Review Summary: Join the Navy.
One Direction is the latest in a long line of acts that make the girls scream and, for a certain set of people looking to separate themselves from the unidentifiable masses, a target for unreasonable amounts of hatred. Cute white boys pack stadiums with screaming girls while the pretentious throngs take it upon themselves to inform them that they are stupid and should listen to real music. It’s a tradition dating back to The Beatles. Before One Direction it was Justin Bieber, before him it was the Jonas Brothers, before them it was N*SYNC or it was the Backstreet Boys or it was the New Kids on the Block. But this vehement hatred isn’t just predictable, it’s lazy.
For one, your superior music taste cannot be proven by disliking something. For another, this auto rejection is so predictable it’s exhausting. Hating something means you risk nothing. It’s the ones that decide to stand beside their favorite music, no matter how much they're told not to, that risk something, that have to defend their tastes to others. Miring yourself in hatred protects you, you put nothing on the line by hating something so popular and feel superior as you go against the grain, standing out in a crowd of mindless consumerist sheep when in reality, you’re just another type of sheep and your herd is twice as annoying and twice as dull as the other herd.
What must be particularly infuriating about One Direction is how consistent they’ve been so far. Boy bands have actually benefited from the crash of the physical CD and since 1D can’t sell the kind of copies boy bands used to be able to they’ll never have a
No Strings Attached hanging over their head, leaving them free of the pressure of having to up an impossible ante. They’ve also been improving, their debut
Up All Night stumbled over the weight of post-X Factor expectations but by
Midnight Memories they were finding their footing, not an easy thing to do when you’re being counted on to move units in every country on Earth.

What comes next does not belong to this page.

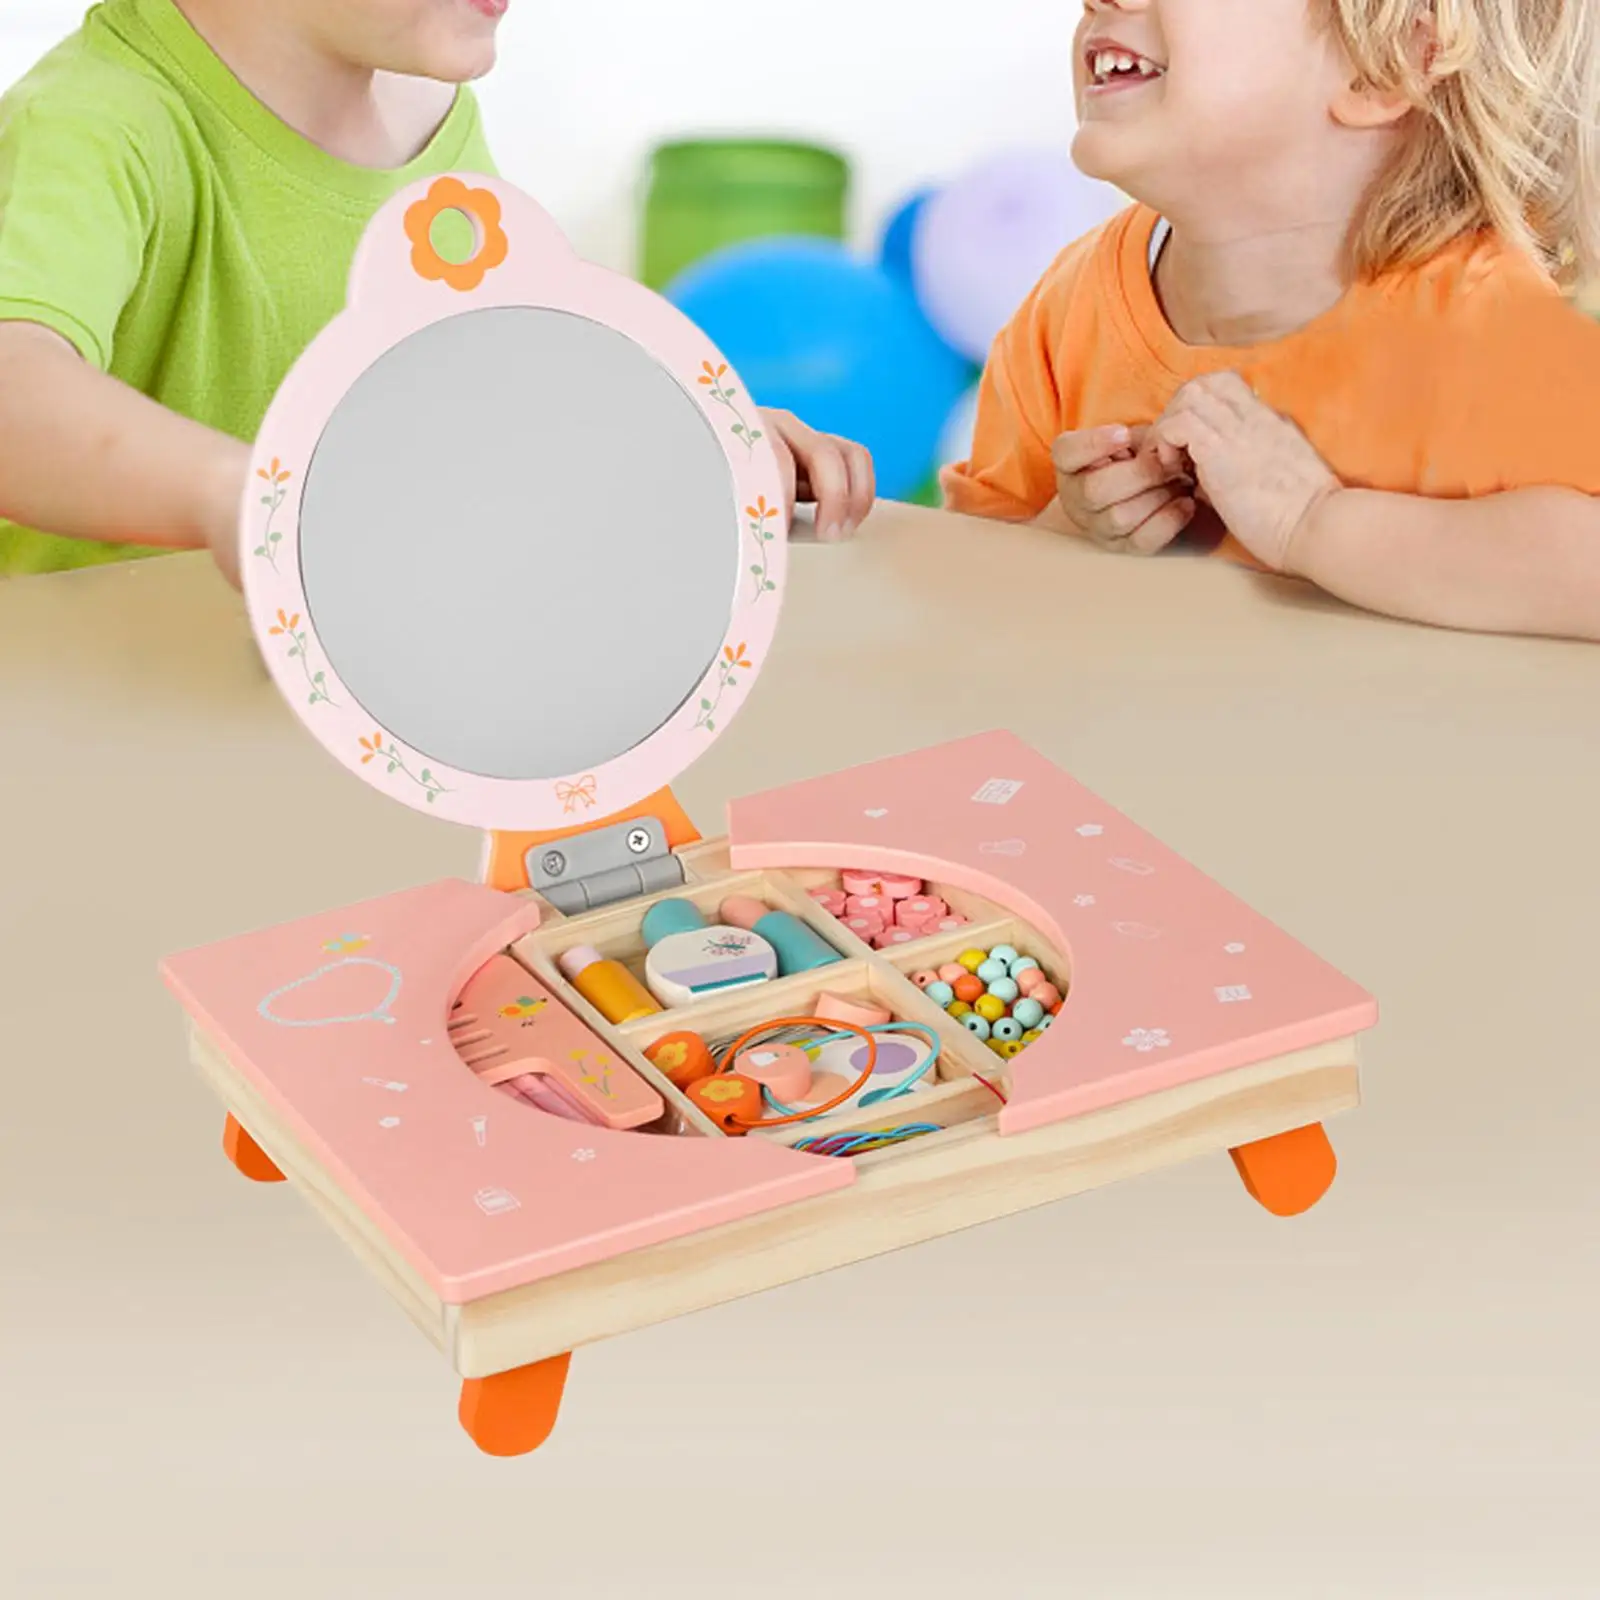 Tabletop Pretend Play Vanity Toy Girls Toys for Dress up Learning Activity Toy Tabletop Dresser Makeup Toy for Kids Girls

Despite Harry Styles and Louis Tomlinson being the only members significant enough to get their own Wikipedia pages, there’s a refreshing lack of ego in One Direction and every member gets enough time in front of the microphone to shine. They hang together perfectly as a unit, their voices all have a unique grain and harmonize excellently. Niall Horan possesses a gorgeous lilt that receives it’s showcase during the first verse of the downright lovely “Fool’s Gold”. The unexpectedly moving “Night Changes” cops a gentle shuffle and some lovely “Ooo’s” laying down a lovely blanket for Styles to croon the chorus. Harry Styles passes album highlight “No Control” off to Louis Tomlinson for a rocketing chorus while Zayn Malik shows up for a stirring bridge that empties out for one more huge chorus.

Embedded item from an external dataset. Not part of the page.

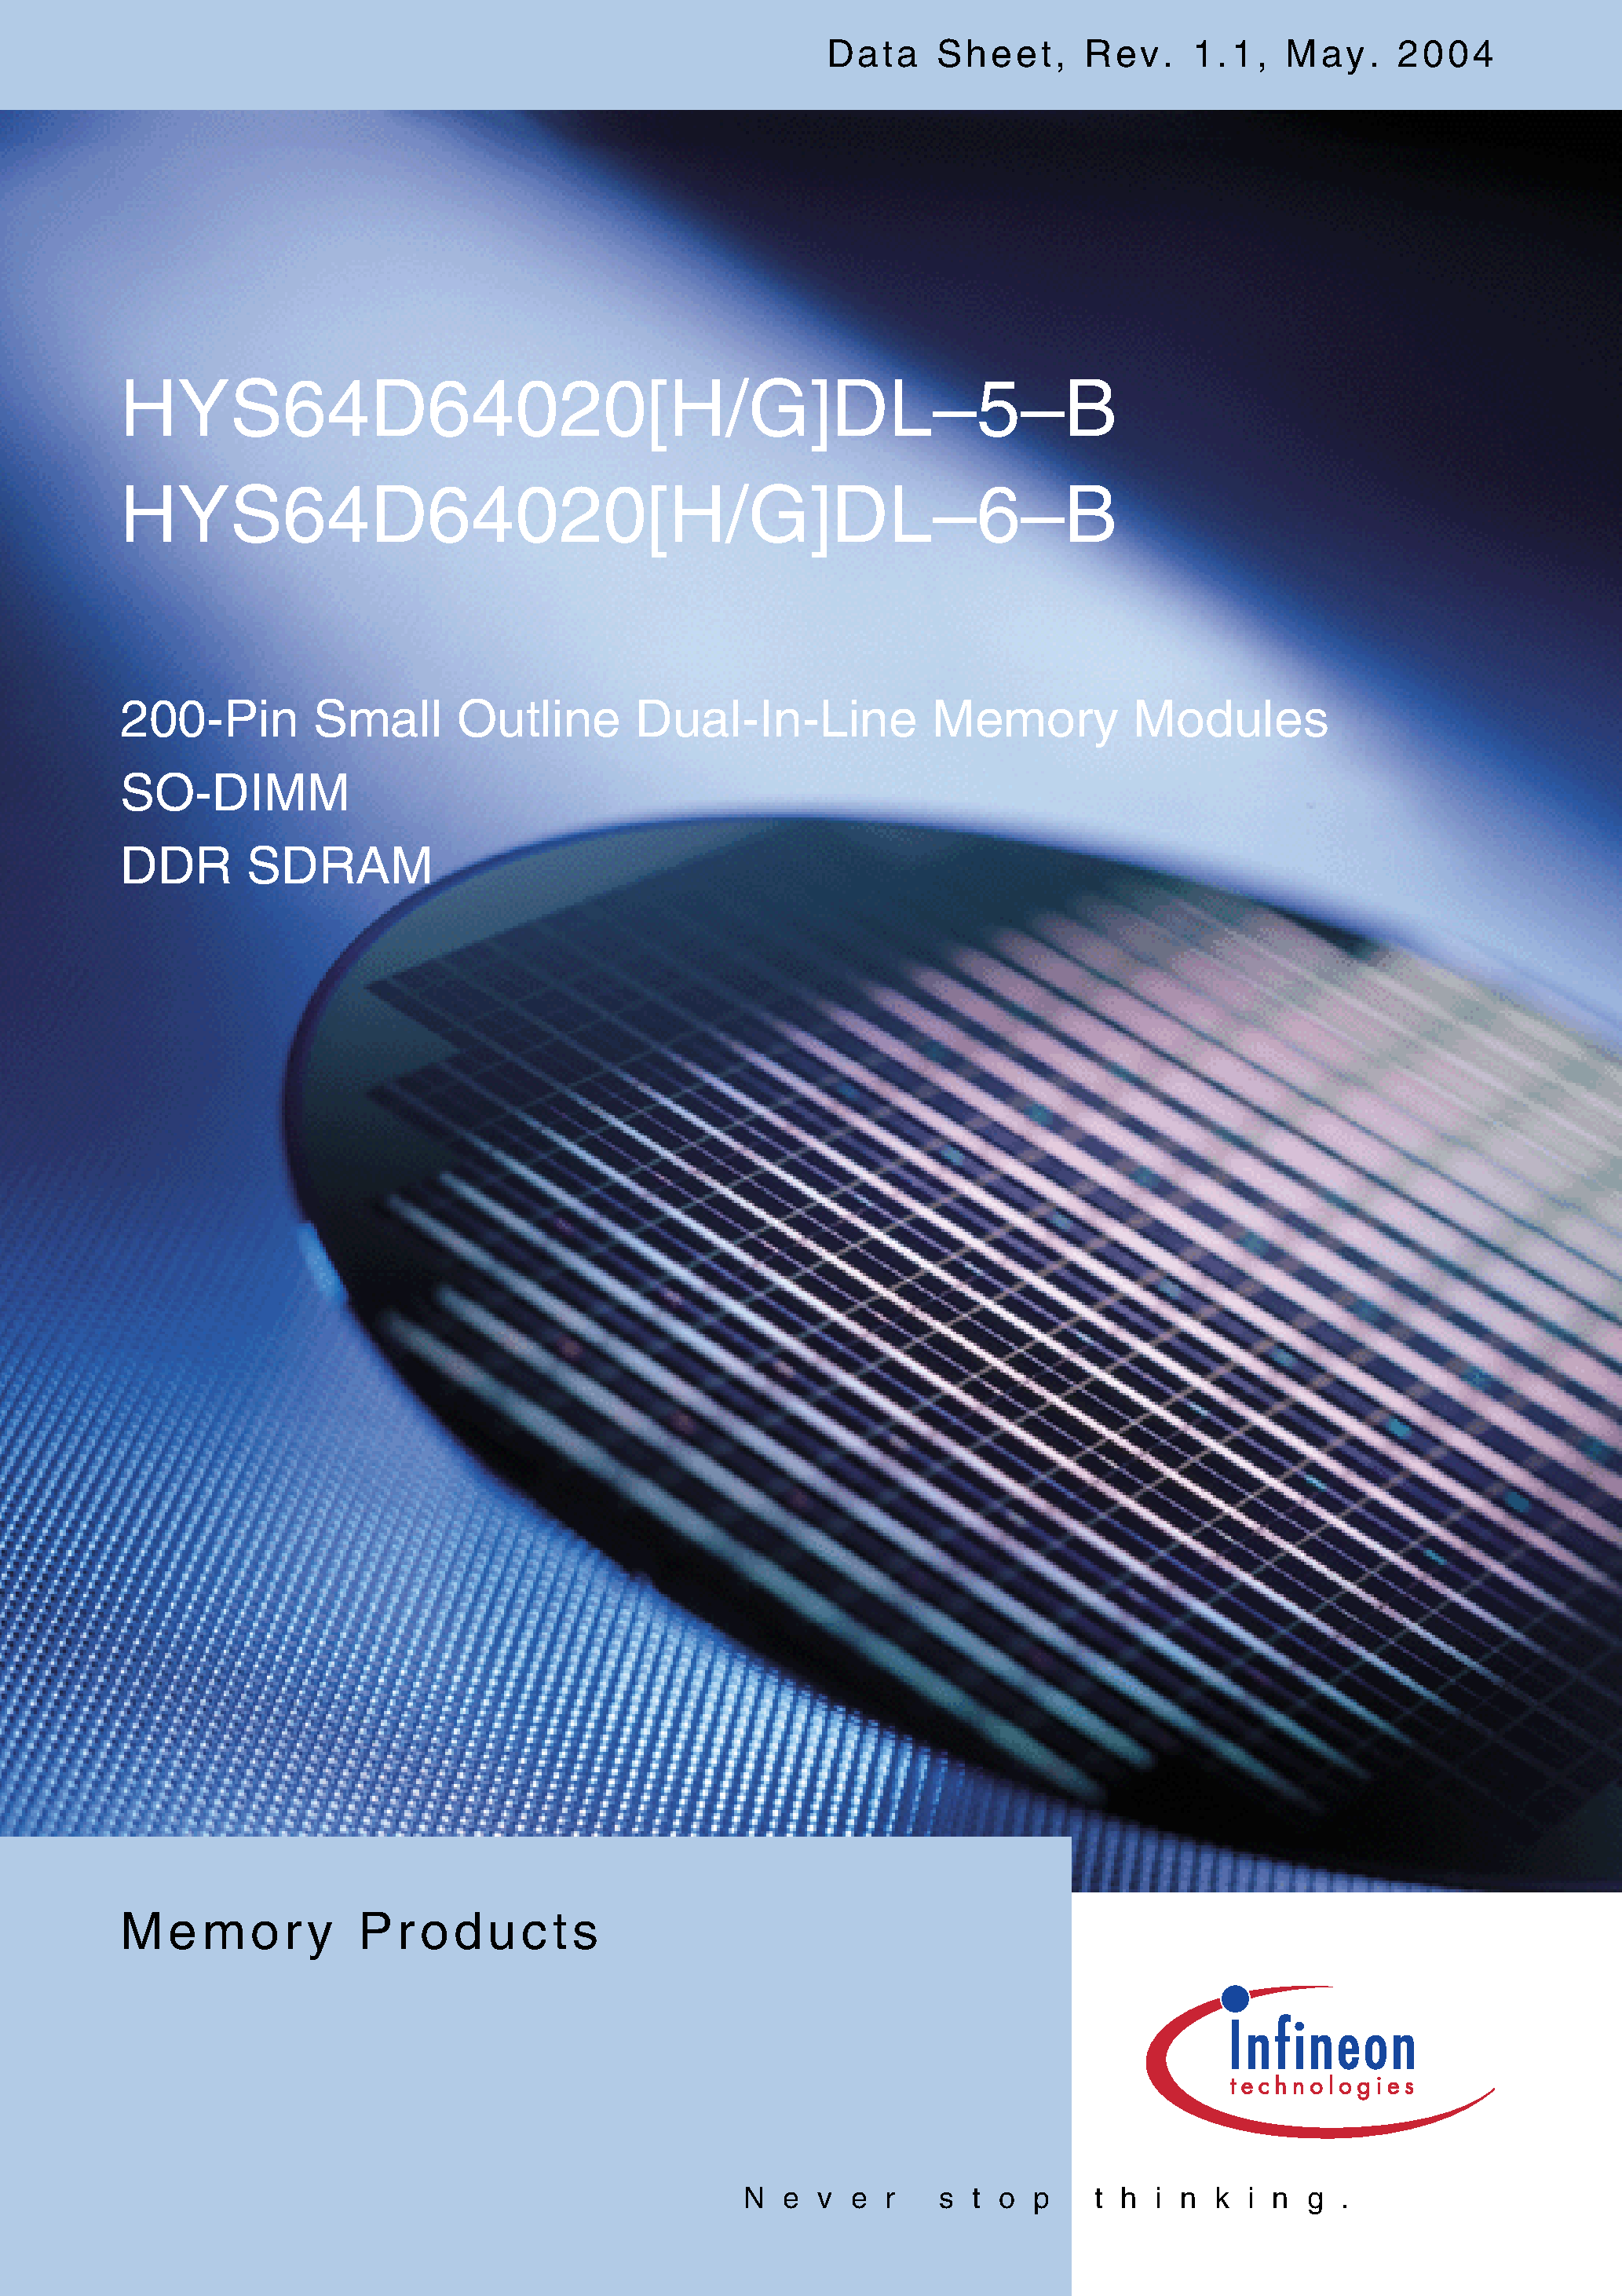 Даташит HYS64D64020HDL-6-B - 200-Pin Small Outline Dual-In-Line Memory Modules страница 1

The production, helmed by a team of no less than
9 people, ensure everything here is appropriately gleaming. You can practically see yourself in the spotless veneer of these tracks as the group cycles through the mega pop of “Steal My Girl” and “Where Do Broken Hearts Go”, the tender balladry of “18” and “Fool’s Gold”. Part of
Four’s strength as a full length is the clear boundaries the group’s songwriters (a roster that includes shaggy it-boy of the moment Ed Sheeran) and producers draw for them. Throughout
Four 1D never overstep their abilities, no ill advised trips into EDM or dubstep, they keep it in their wheelhouse and it makes for a tight 45 minutes or so. Still, it would be to their benefit to find their own sound. As consistently strong as
Four is, it can occasionally comes across as too familiar for its own good. “No Control” bares more than a passing resemblance to Bruno Mars’ “Locked Out of Heaven” while “Ready to Run” closely resembles any number of neo-folk smashes, through 1D pull it off by being free of the pretensions that sink the Mumfords and Hoziers of the world.

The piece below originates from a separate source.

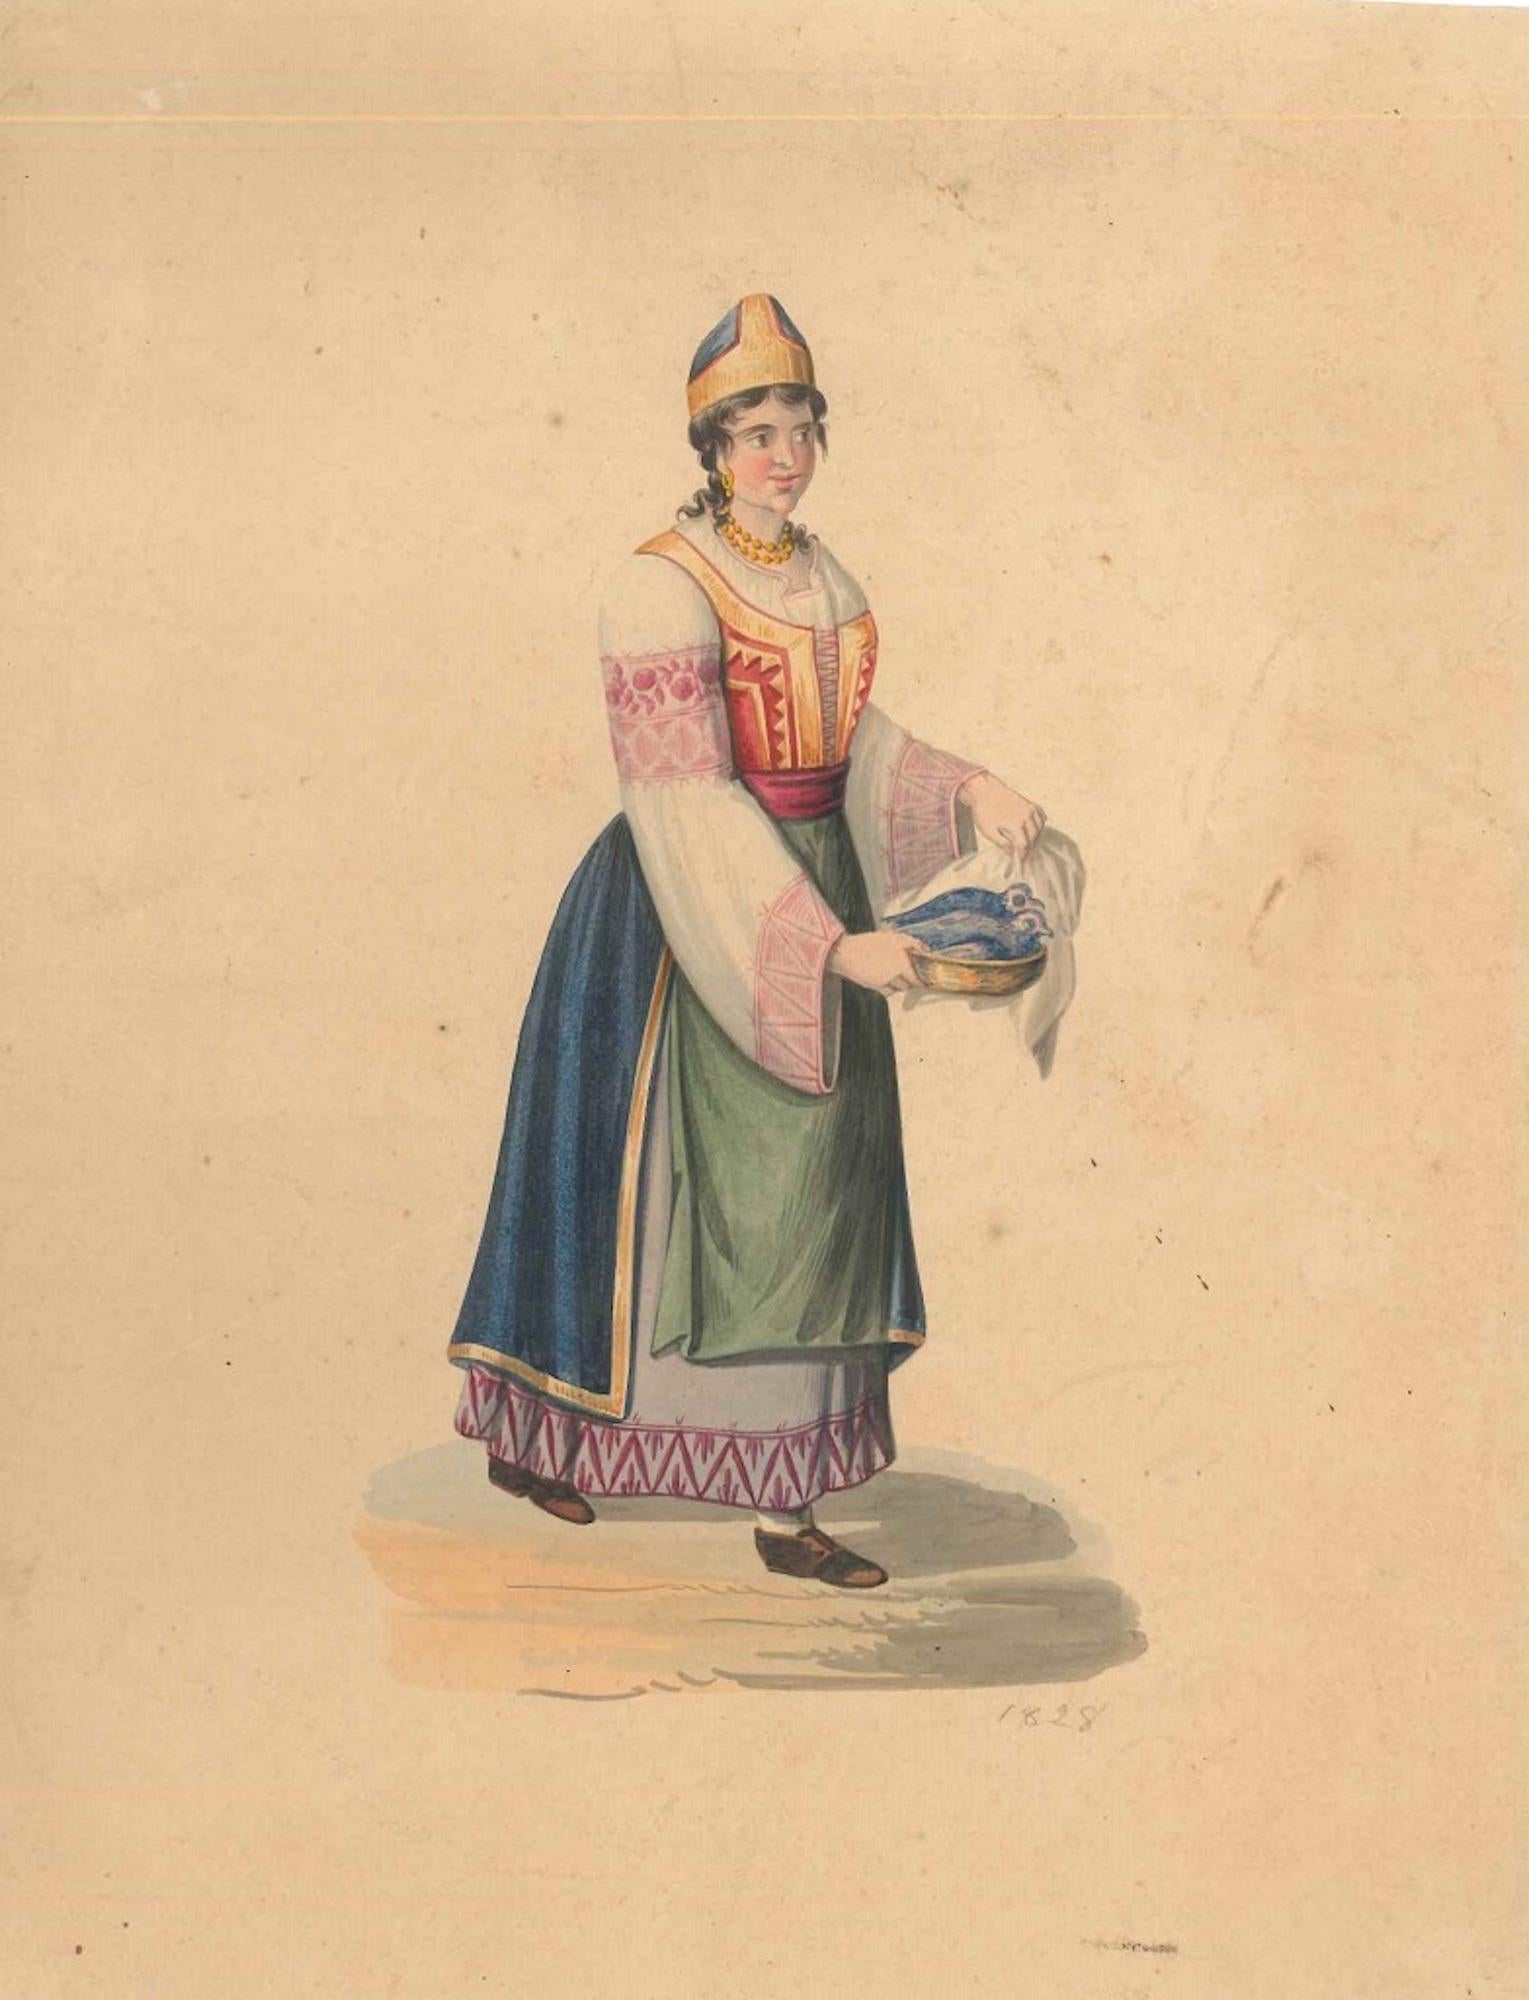 Woman in Typical Costumes  - Watercolor by M. De Vito - 1820 ca.

Despite beginning life as a new yacht for Simon Cowell, One Direction have evolved into a dependably solid pop group (and a fleet of new yachts for Simon Cowell). Although
Four is their strongest work to date, it doesn’t have the vitality that makes for truly memorable pop.
Four is full of good songs but no great ones. For 1D to move beyond fun pop they need to step beyond their comfort zone and trust their audience to follow. Assuming they don’t implode over some ol’ bullsh*t or start reading the contracts Cowell chained them to, it’s not hard to imagine 1D moving a bit further as a unit before disintegrating into solo careers. For now, they’re one of the most consistant popular pop acts we got.